*** Opening of Record excerpts ***

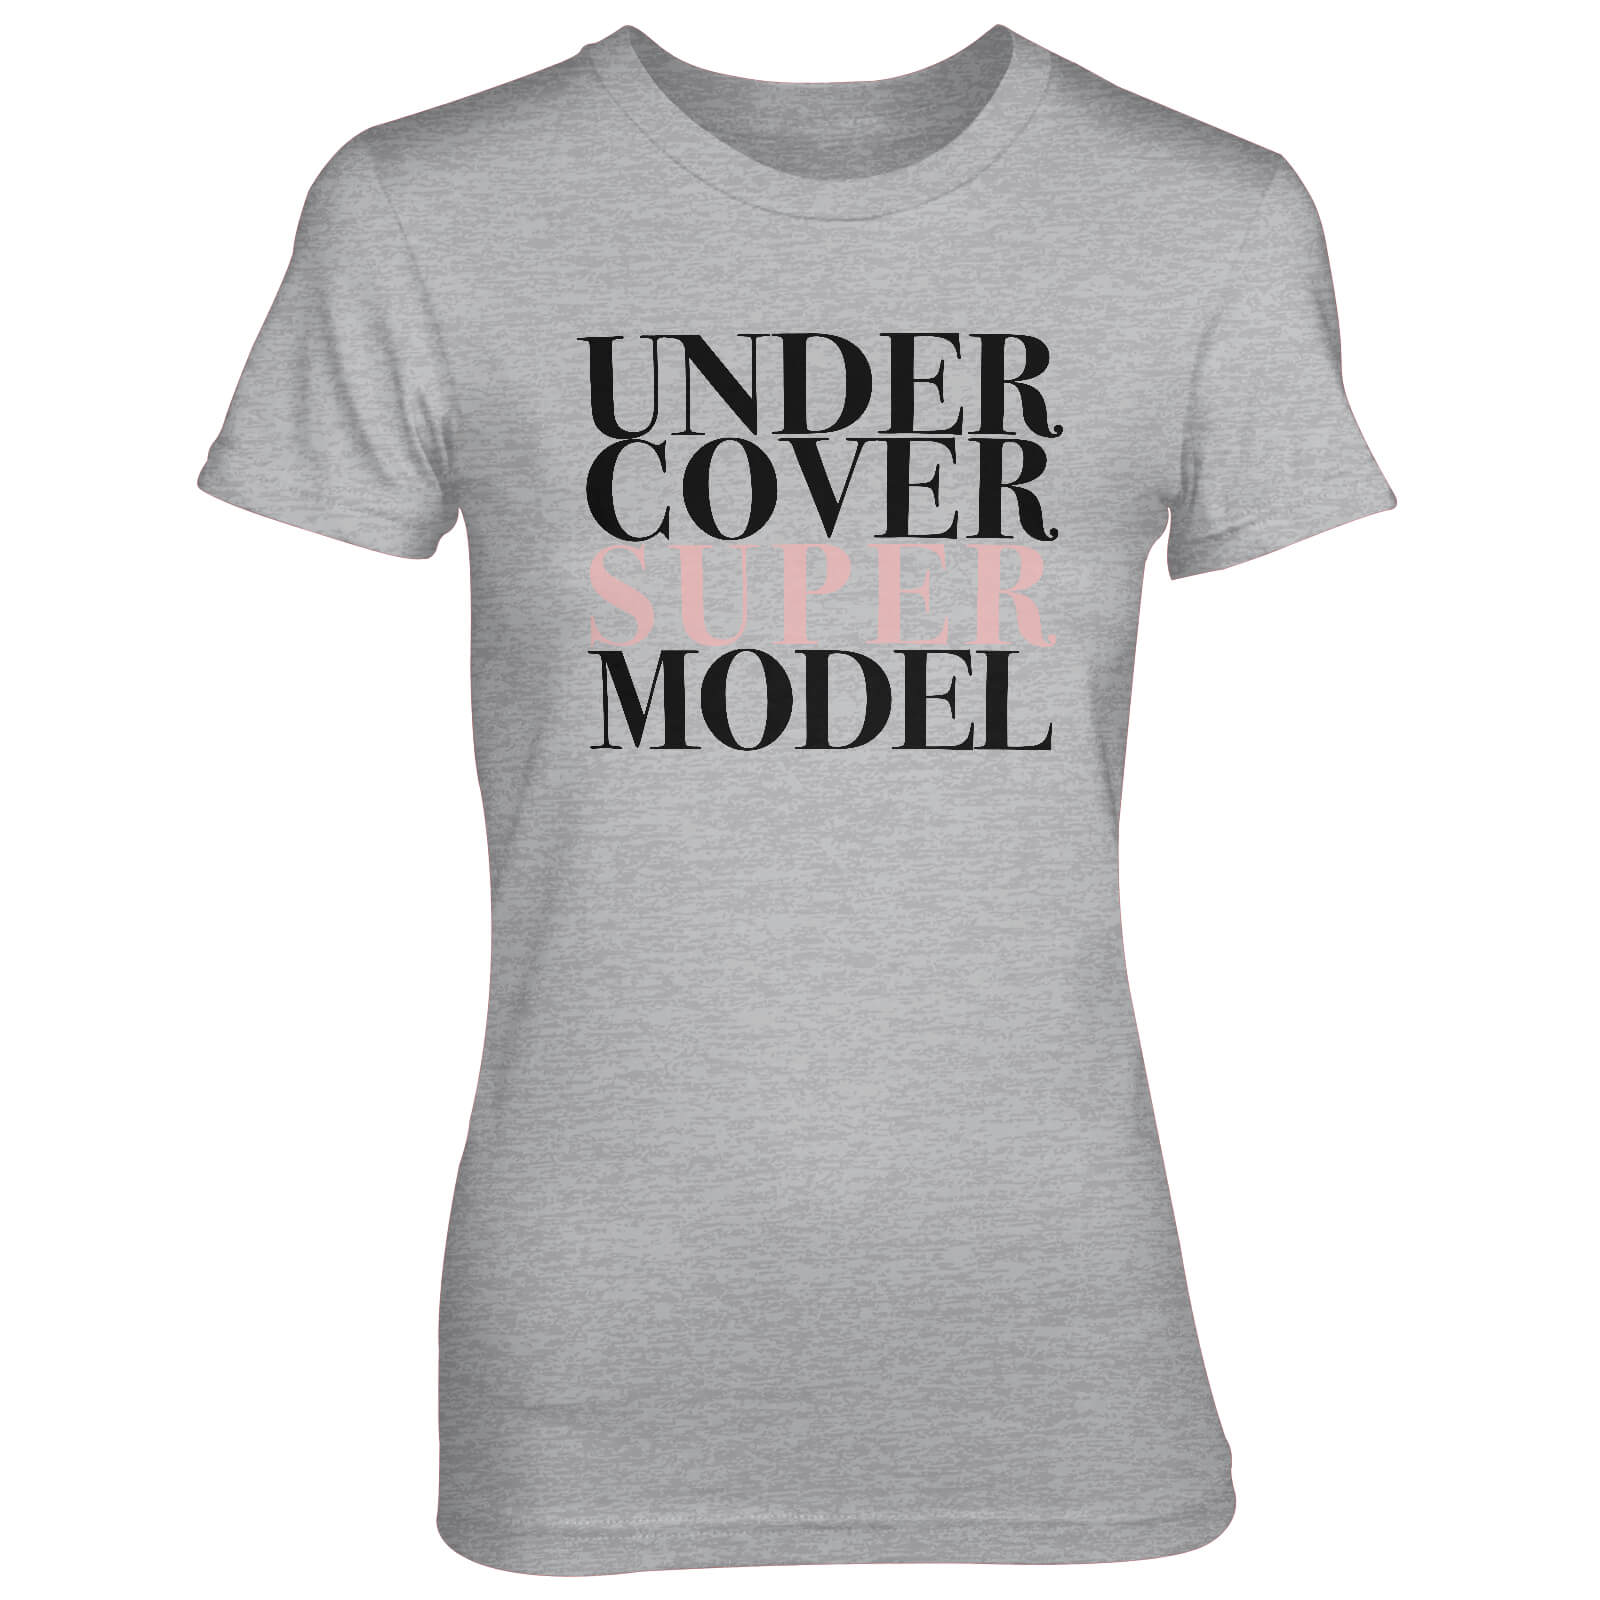 Under Cover Super Model Women's Grey T-Shirt - S - Grey
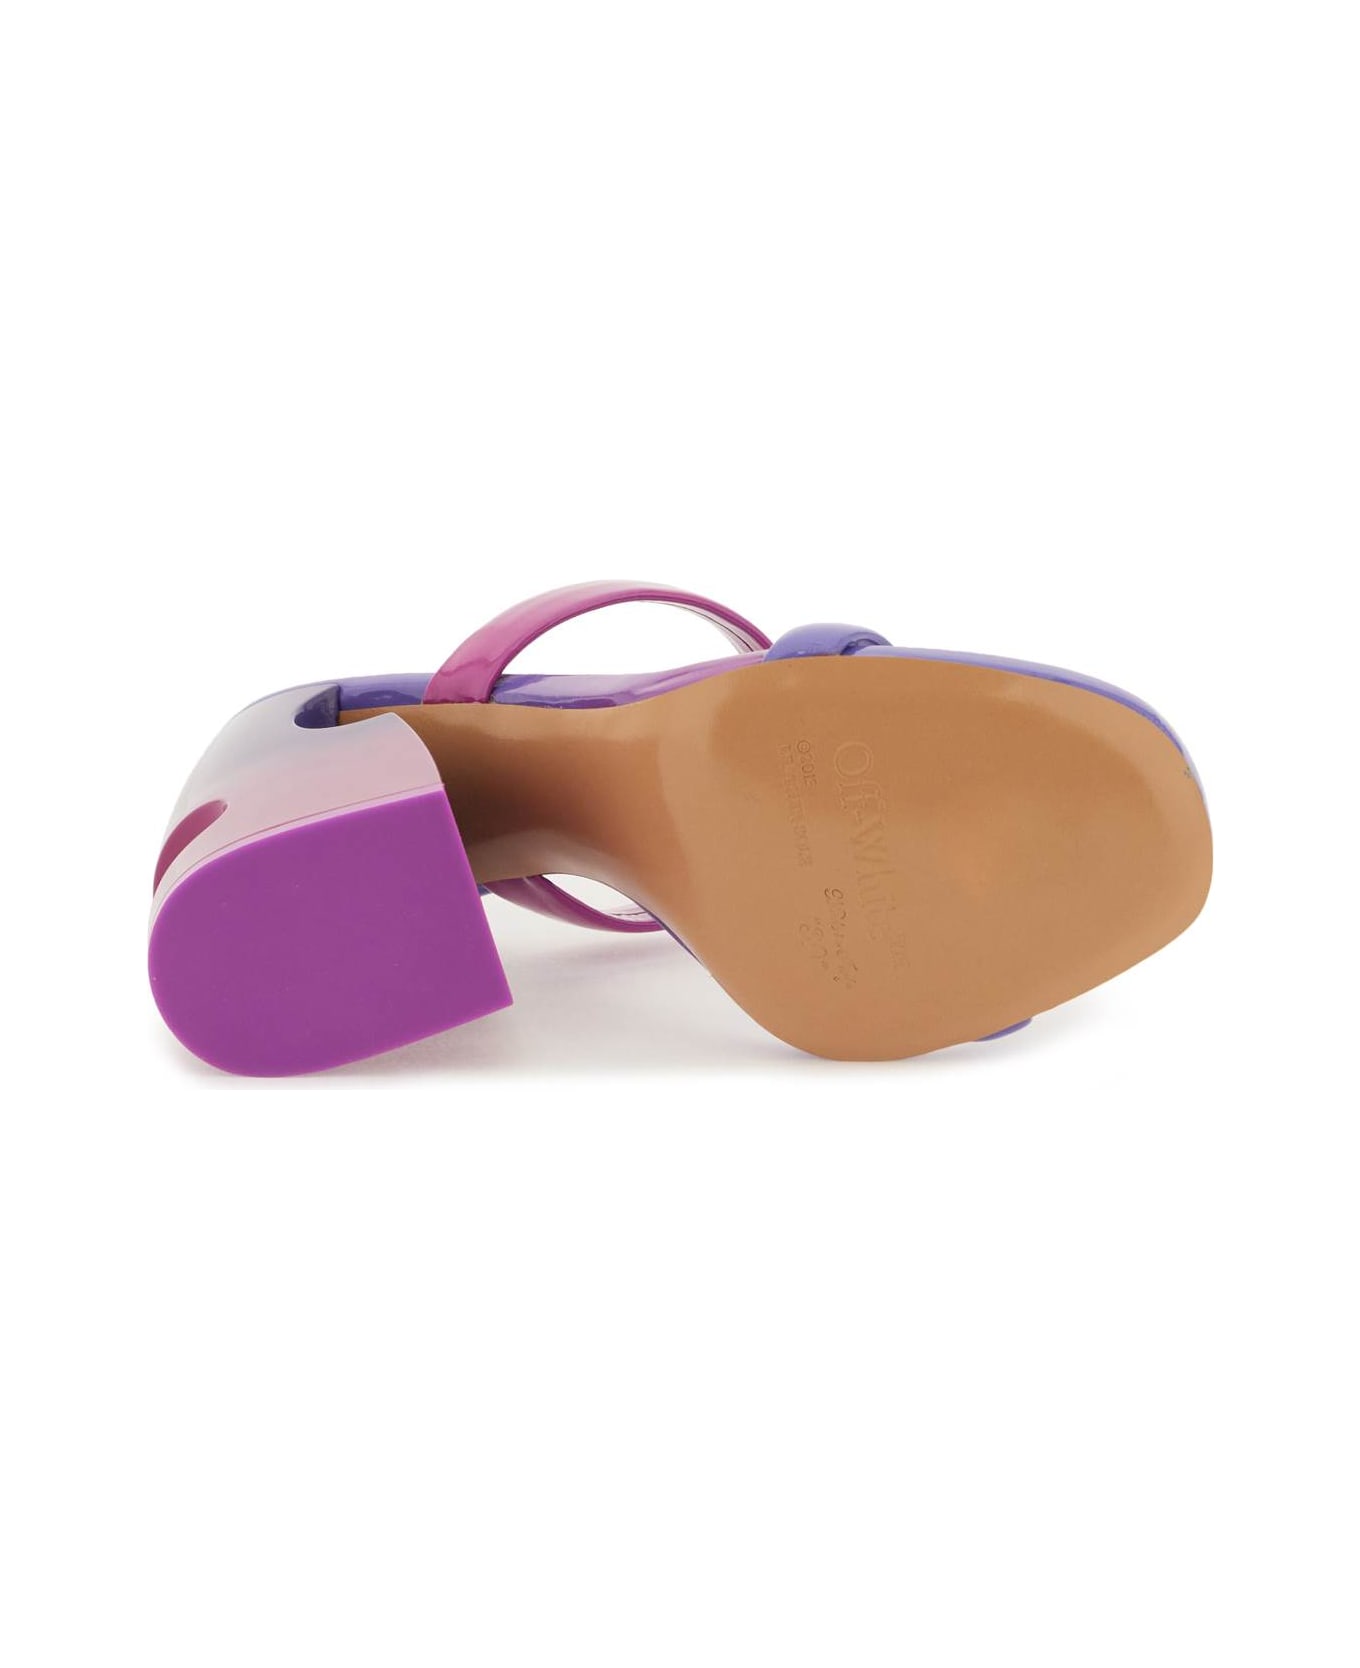 Off-White Lea Mule Sandal - FUCHSIA VIOL (Purple)
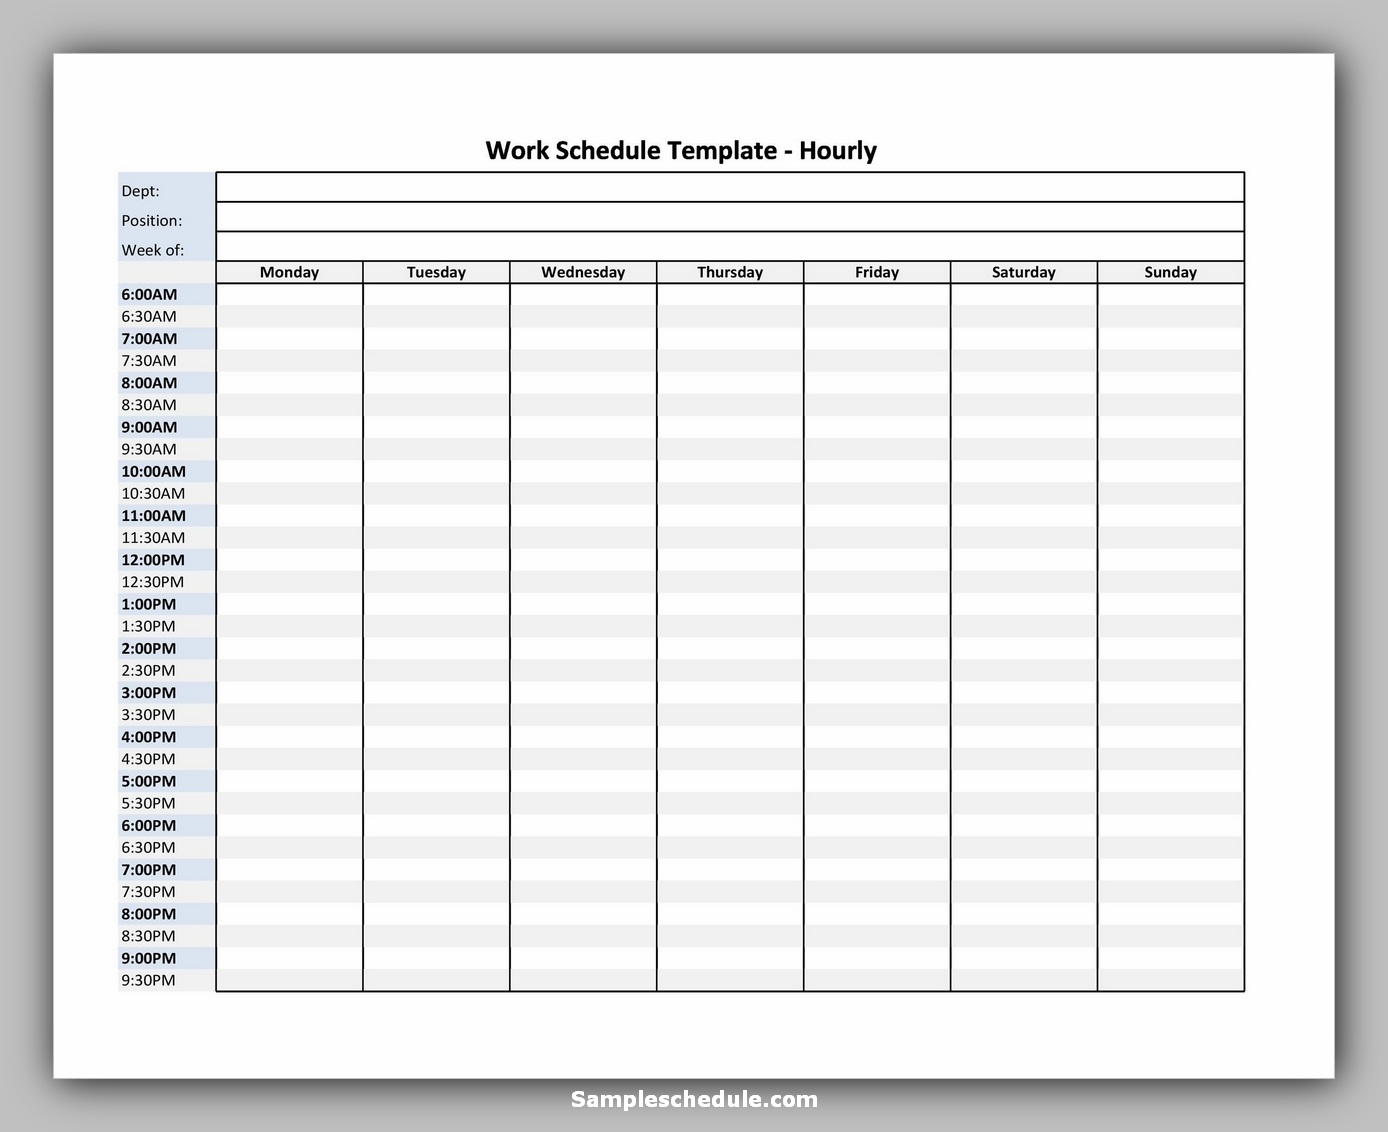 weekly working hours schedule template
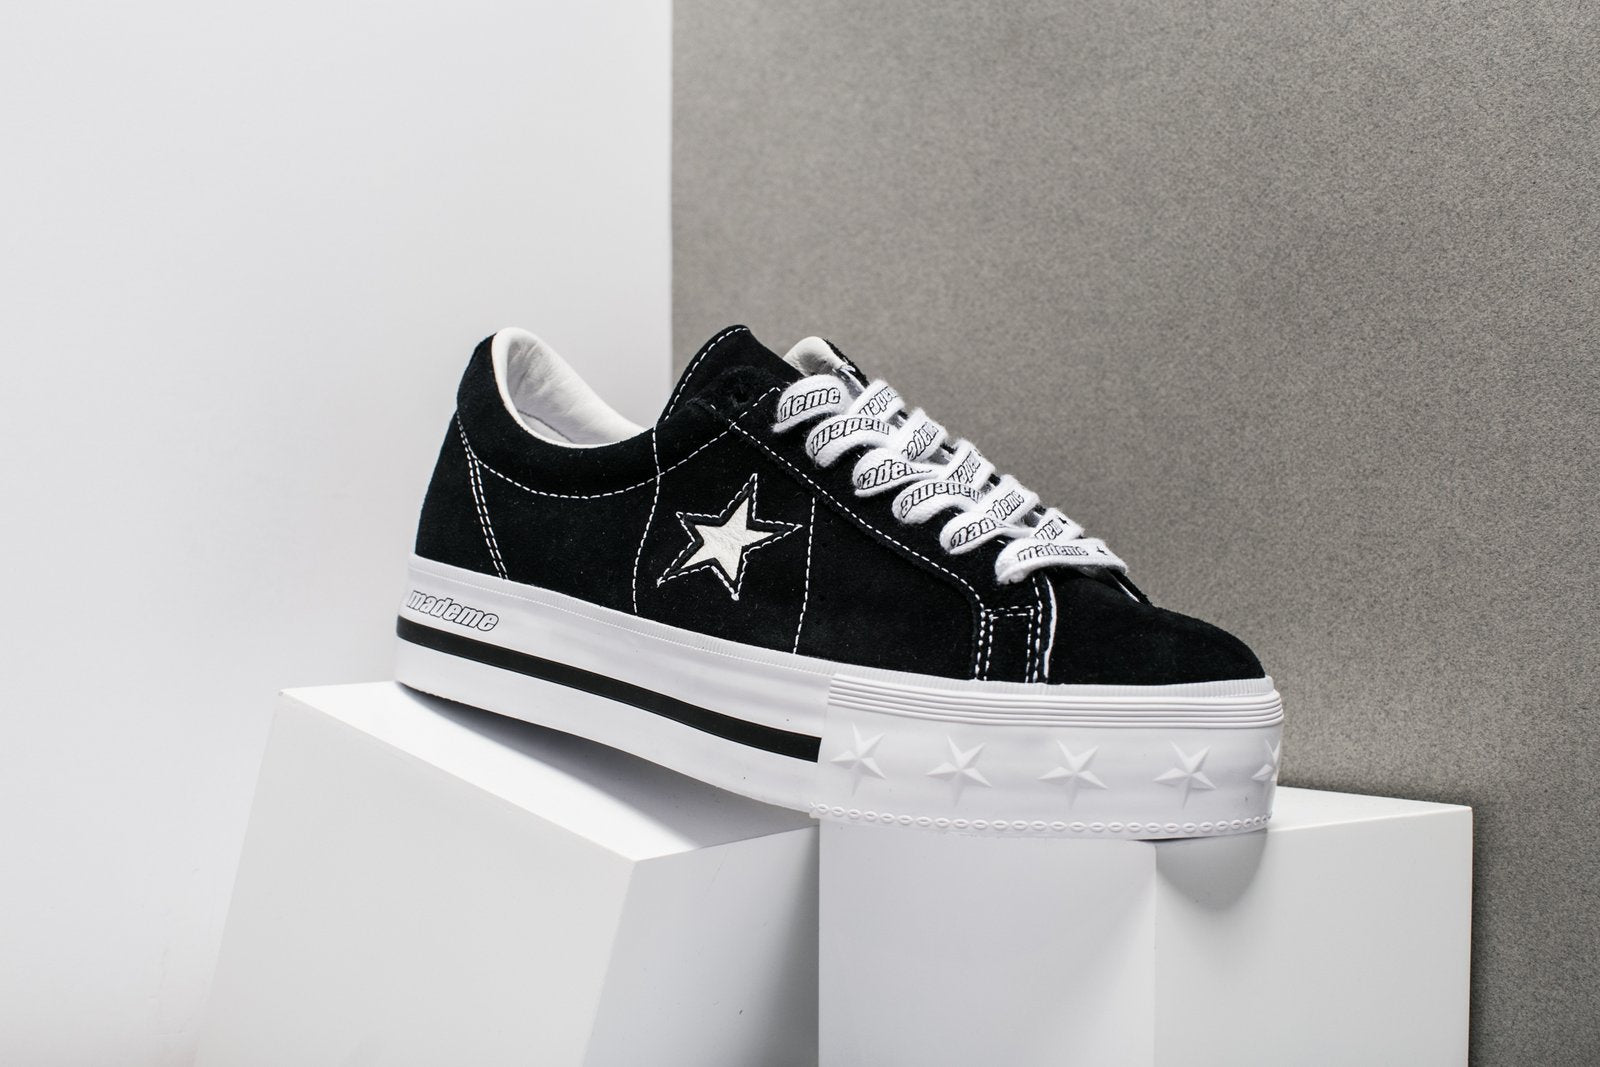 converse x mademe one star sneaker
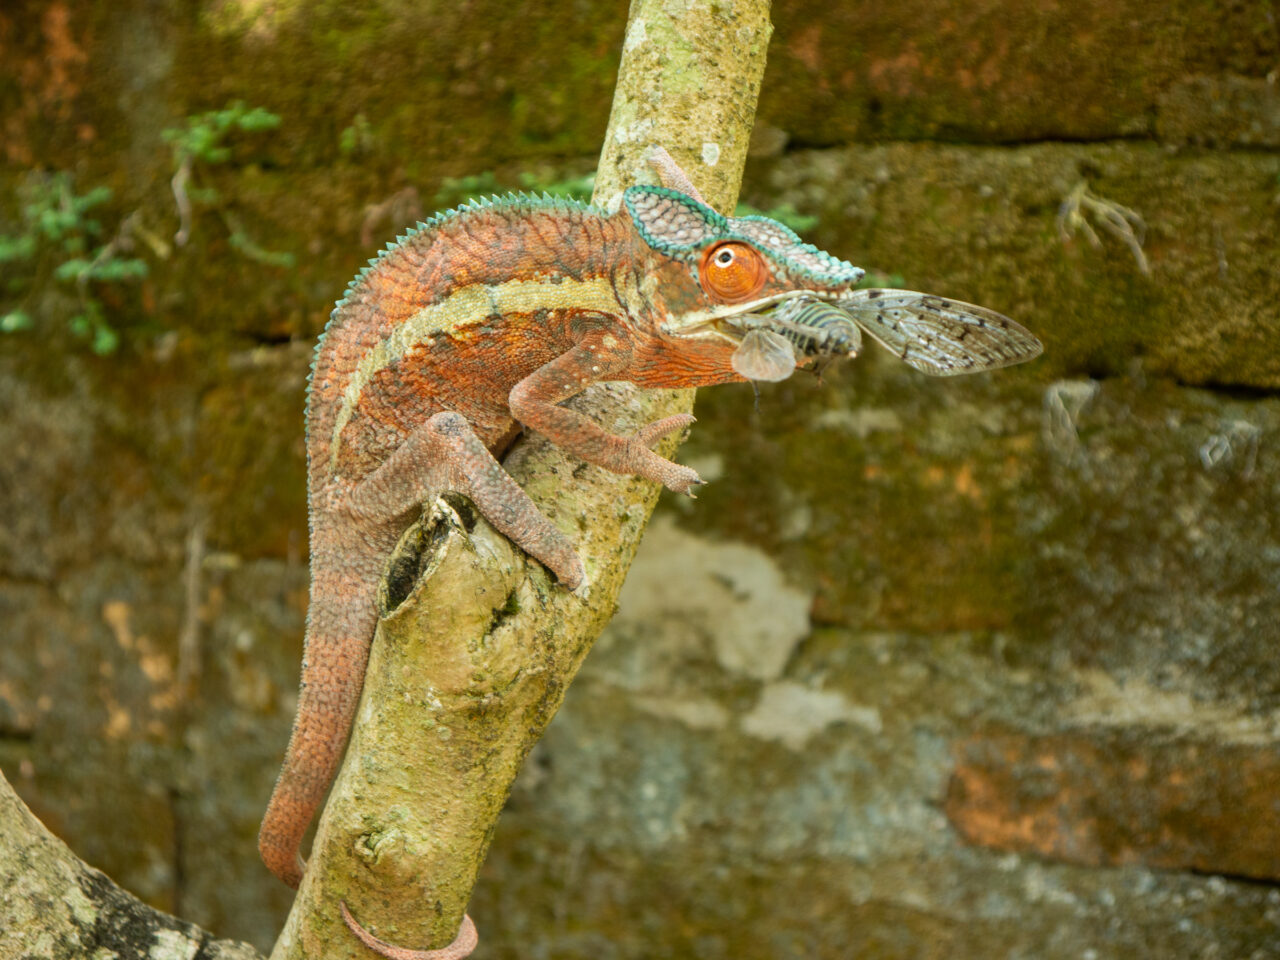 Chameleon at Peyreiras Reptile reserve in Madagascar

*** Close of Record excerpts ***

# Try it:
For every record above, repeat the text exactly and omit any picture.

# Final answer:
 Under Cover Super Model Women's Grey T-Shirt - S - Grey
 Off-White Lea Mule Sandal - FUCHSIA VIOL (Purple)
 weekly working hours schedule template
 converse x mademe one star sneaker
 Chameleon at Peyreiras Reptile reserve in Madagascar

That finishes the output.